On Jun 29, 2006, at 5:23 PM, Tom Rosmond wrote:
I am testing the one-sided message passing (mpi_put, mpi_get) that
is now supported in the 1.1 release. It seems to work OK for some
simple test codes, but when I run my big application, it fails.
This application is a large weather model that runs operationally
on the SGI Origin 3000, using the native one-sided message passing
that has been supported on that system for many years. At least on
that architecture, the code always runs correctly for processor
numbers up to 480. On the O3K a requirement for the one-sided
communication to work correctly is to use 'mpi_win_create' to
define the RMA 'windows' in symmetric locations on all processors,
i.e. the same 'place' in memory on each processor.

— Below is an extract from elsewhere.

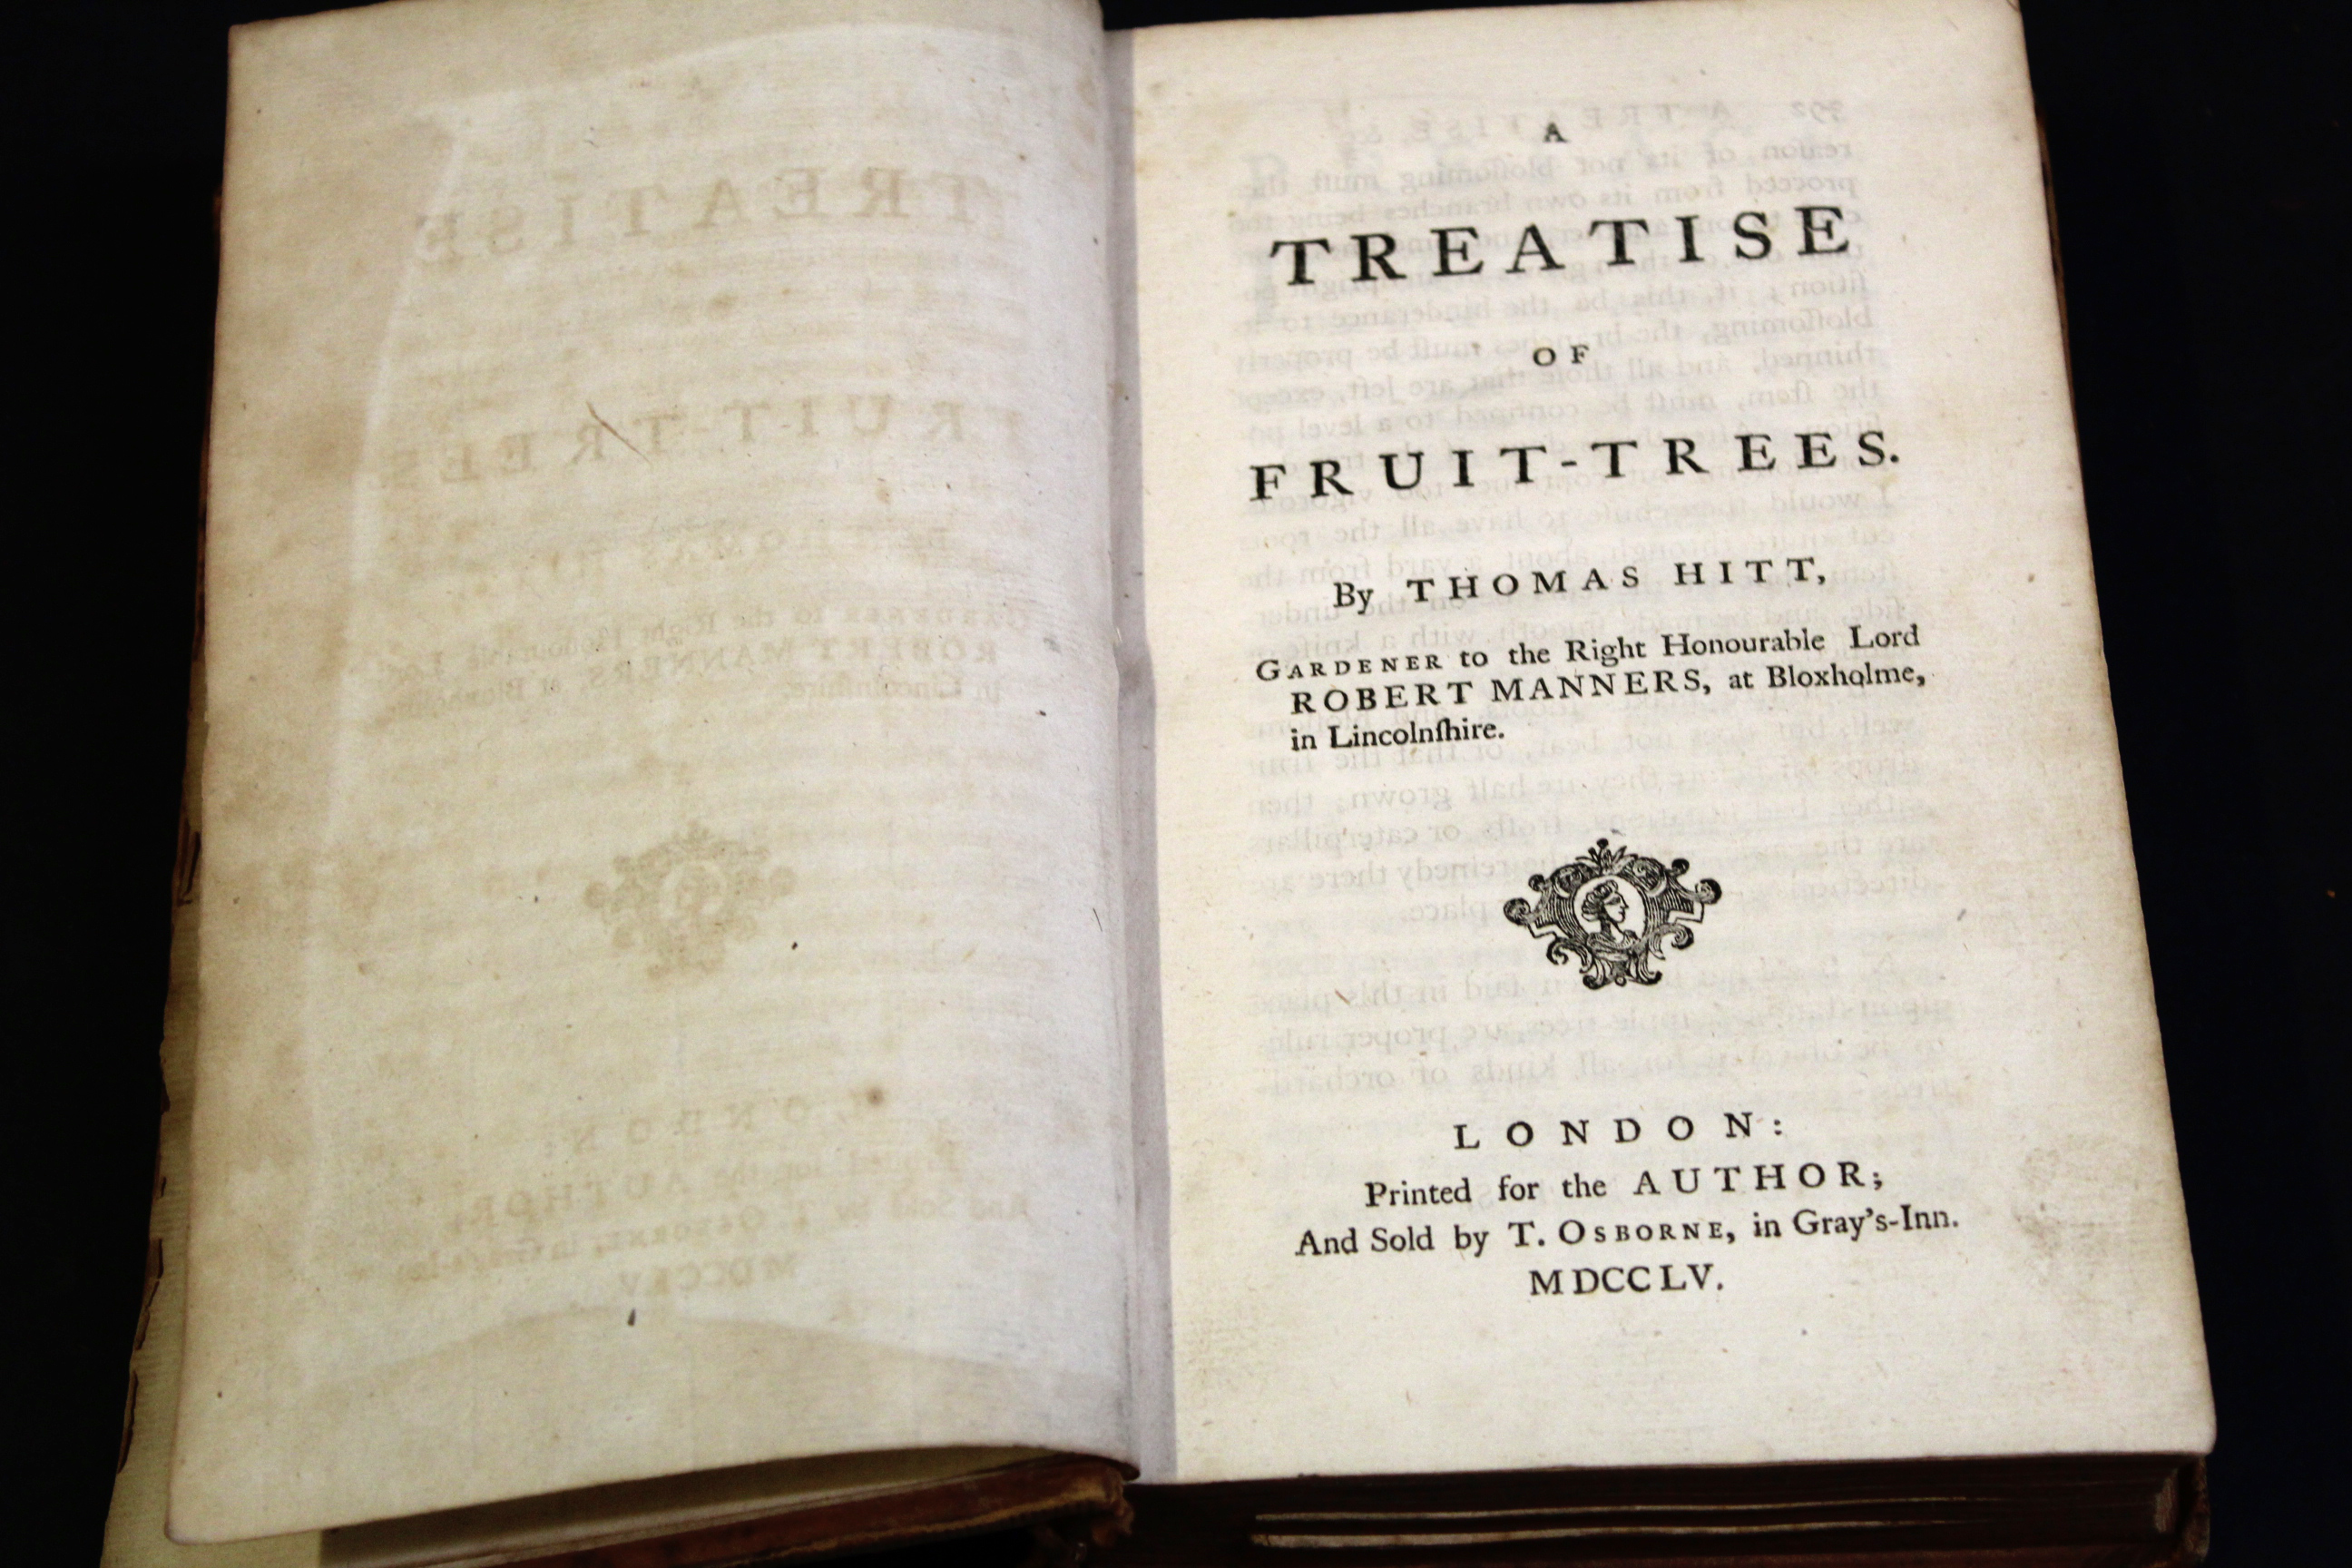 THOMAS HITT: A TREATISE OF FRUIT-TREES, London for the author and sold by T Osborne, 1755, 1st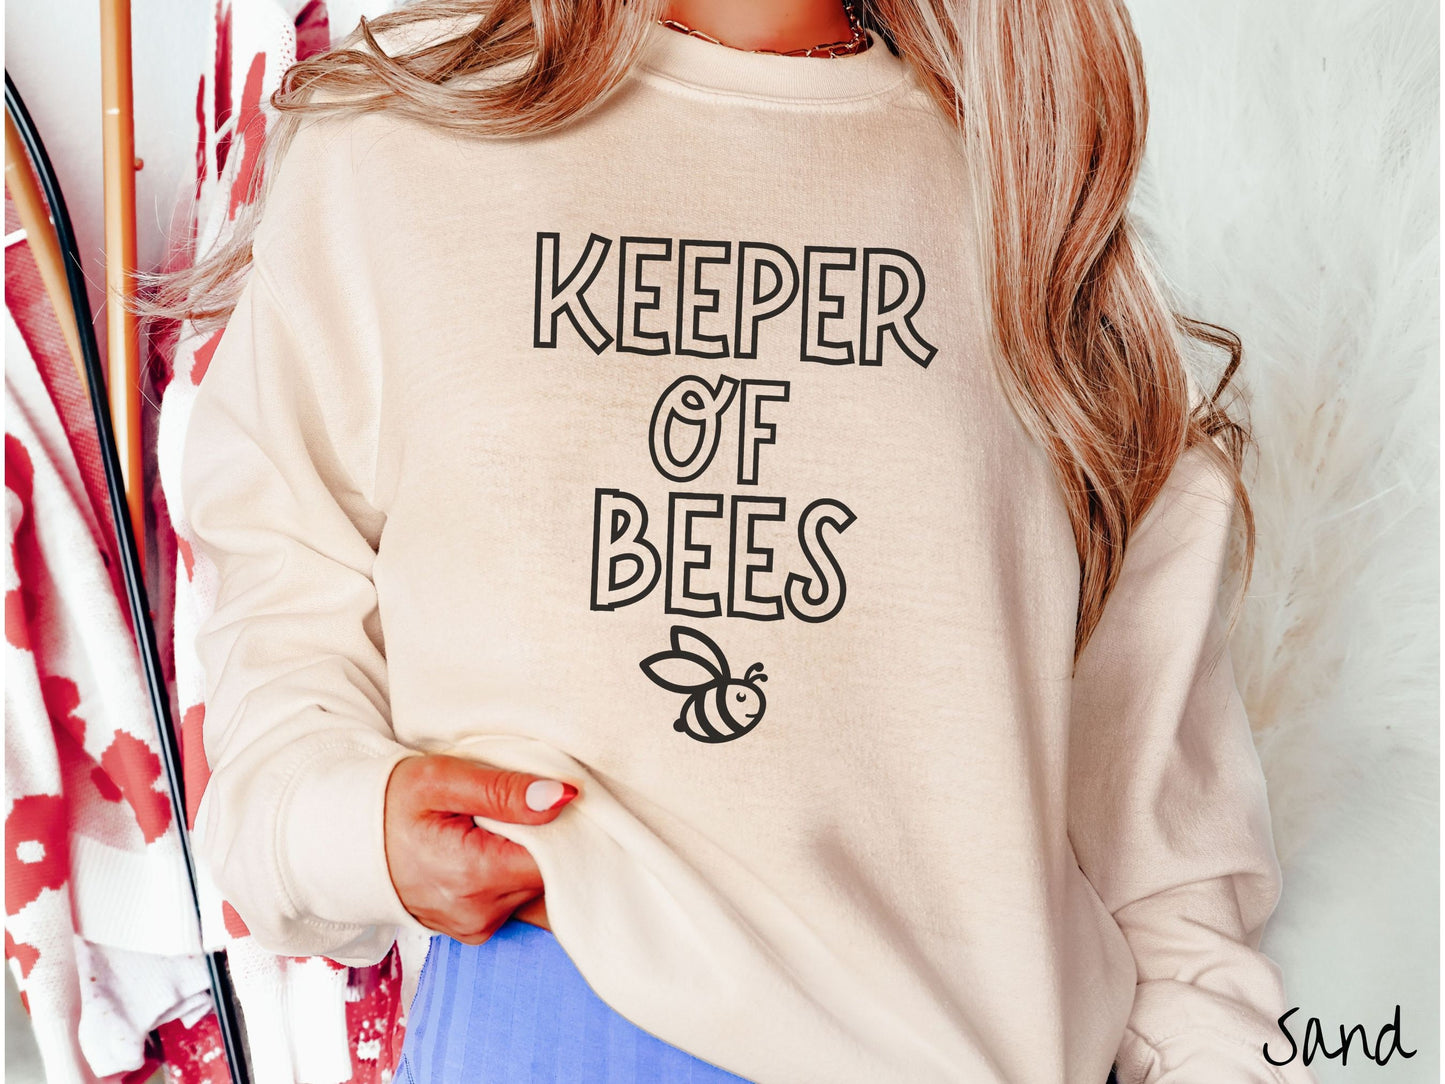 The Keeper of Bees Sweatshirt, Gift this Beekeeping Sweater to the Beekeeper in your Life!

This can be
done with static memory, i.e. , in common; or on the 'symmetric
heap', which is defined via environment variables. In my
application the latter method is used. I define several of these
'windows' on the symmetric heap, each with a unique handle.
Before I spend my time trying to diagnose this problem further, I
need as much information about the OpenMPI one-sided implementation
as available. Do you have a similar requirement or criteria for
symmetric memory for the RMA windows? Are there runtime parameters
that I should be using that are unique to one-sided message passing
with OpenMPI? Any other information will certainly be appreciated.
There are no requirements on the one-sided windows in terms of buffer
pointers. Our current implementation is over point-to-point so it's
kinda slow compared to real one-sided implementations, but has the
advantage of working with arbitrary window locations.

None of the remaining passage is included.